Computation, sensing, and communication are the most energy-intensive functions(propulsion and control are not).

Drive energy represents only a small fraction of the total energy consumed. Based on this, ways to improve the maximum reach of the robot, increase the speed of the robot, or extend the duty cycle (the ratio of driving time to total mission time) were identified.

So far, several ways to actuate mobile robots have been developed, i.e., mechanical, electrical, hydraulic, or pneumatic. In each case described, the control and detection systems need electricity. In the case of hydraulic and pneumatic systems, servo valves are electrically controlled to achieve fluid flow to the actuator from a pressure tank and to release pressure from the actuator’s other end to enable motion. In the case of electrical drive, the control of current and voltage applied to the motor windings provides ways of controlling speed, acceleration, and torque produced by such actuators.

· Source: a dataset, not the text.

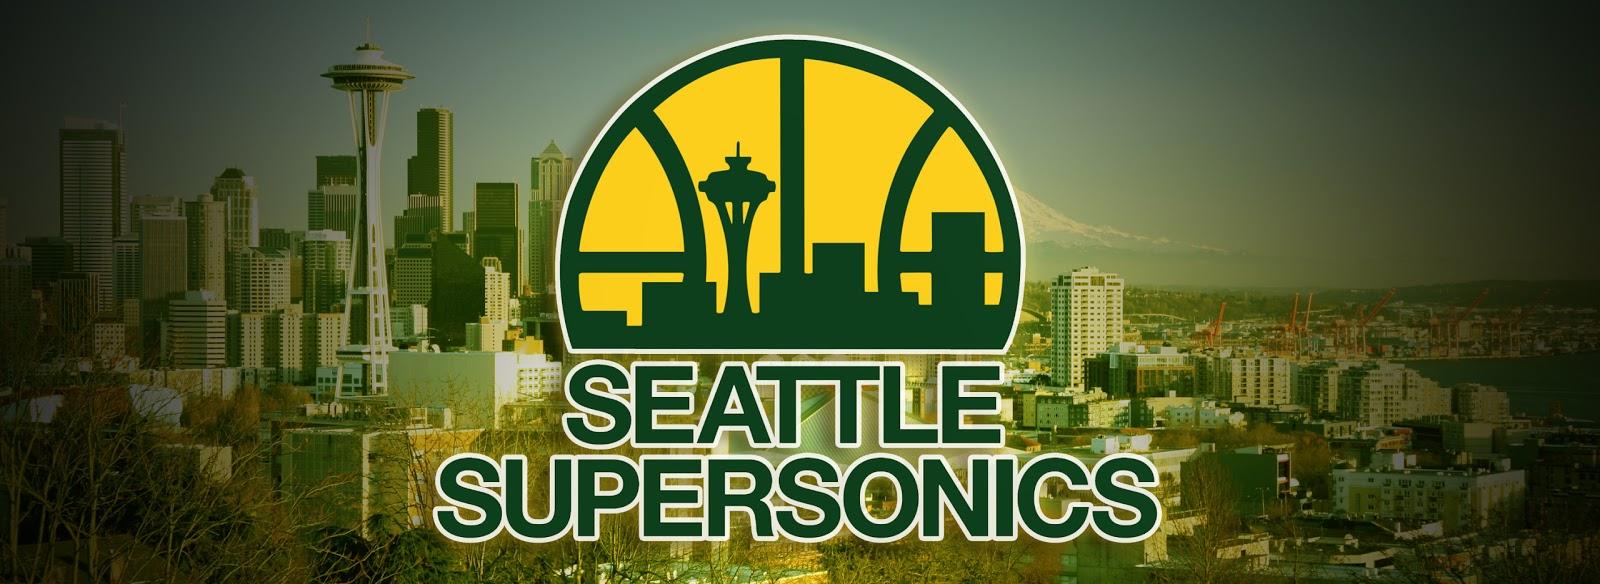 Seattle Supersonics Wallpaper 8 X 584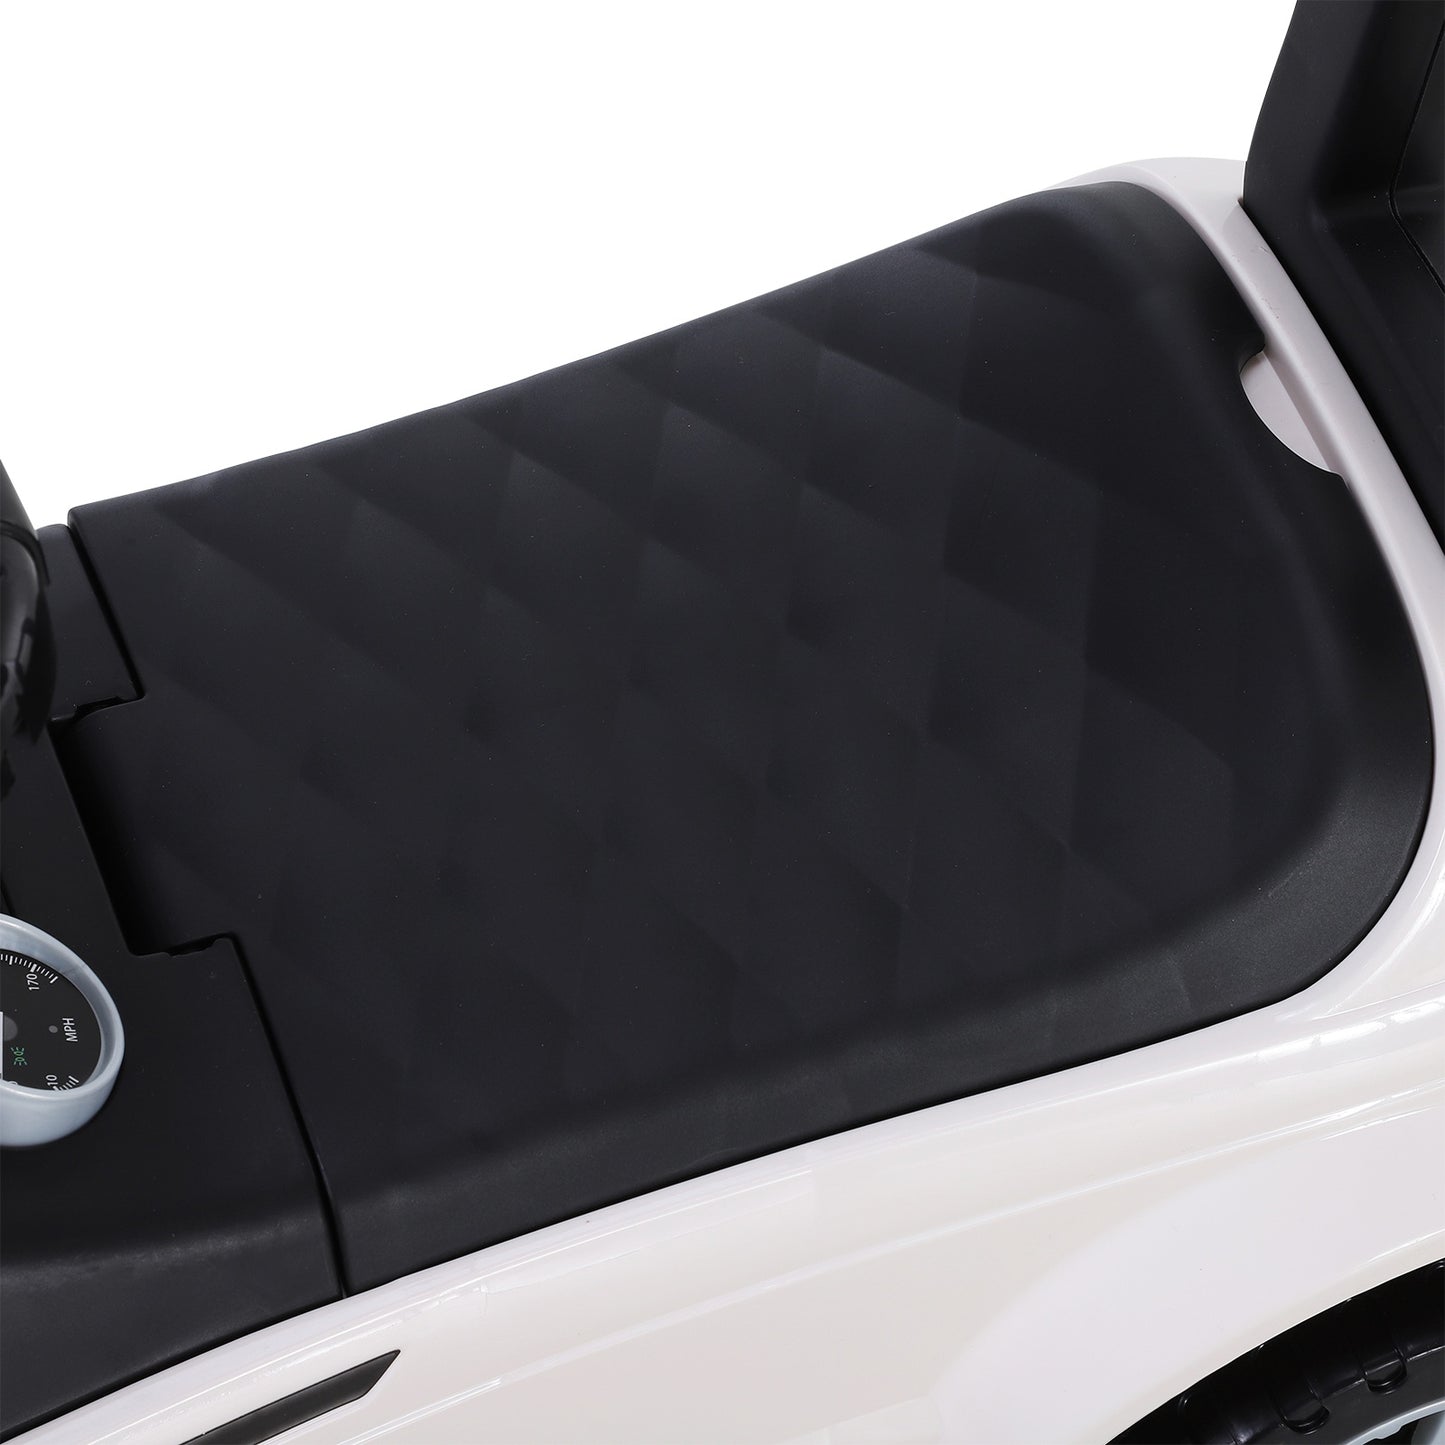 HOMCOM 3-in-1 Ride-On Car Kids Car Walker Stroller Push-Along w/ Horn Wheel & Under Seat Storage White

This implies a need for electrical supply in any modern robotic system configuration. In a purely electrically actuated robot, the same supply can be used for the actuation system and control system; however, care must be taken to ensure the power rail for the control and sensors is free from interference from the noisy motor drivers. This effect can be provided, for example, by using an additional power source for the control and detection system.

The proposed division of sources by the way they generate and store energy includes the following functional categories:
  • Energy storage—including batteries, capacitors, and super capacitors;
  • Energy generation—including classical electromagnetic generators, fuel cells, and solar cells;
  • Energy harvesting—including electrochemical, wireless, thermoelectric, photovoltaic and nano-generators.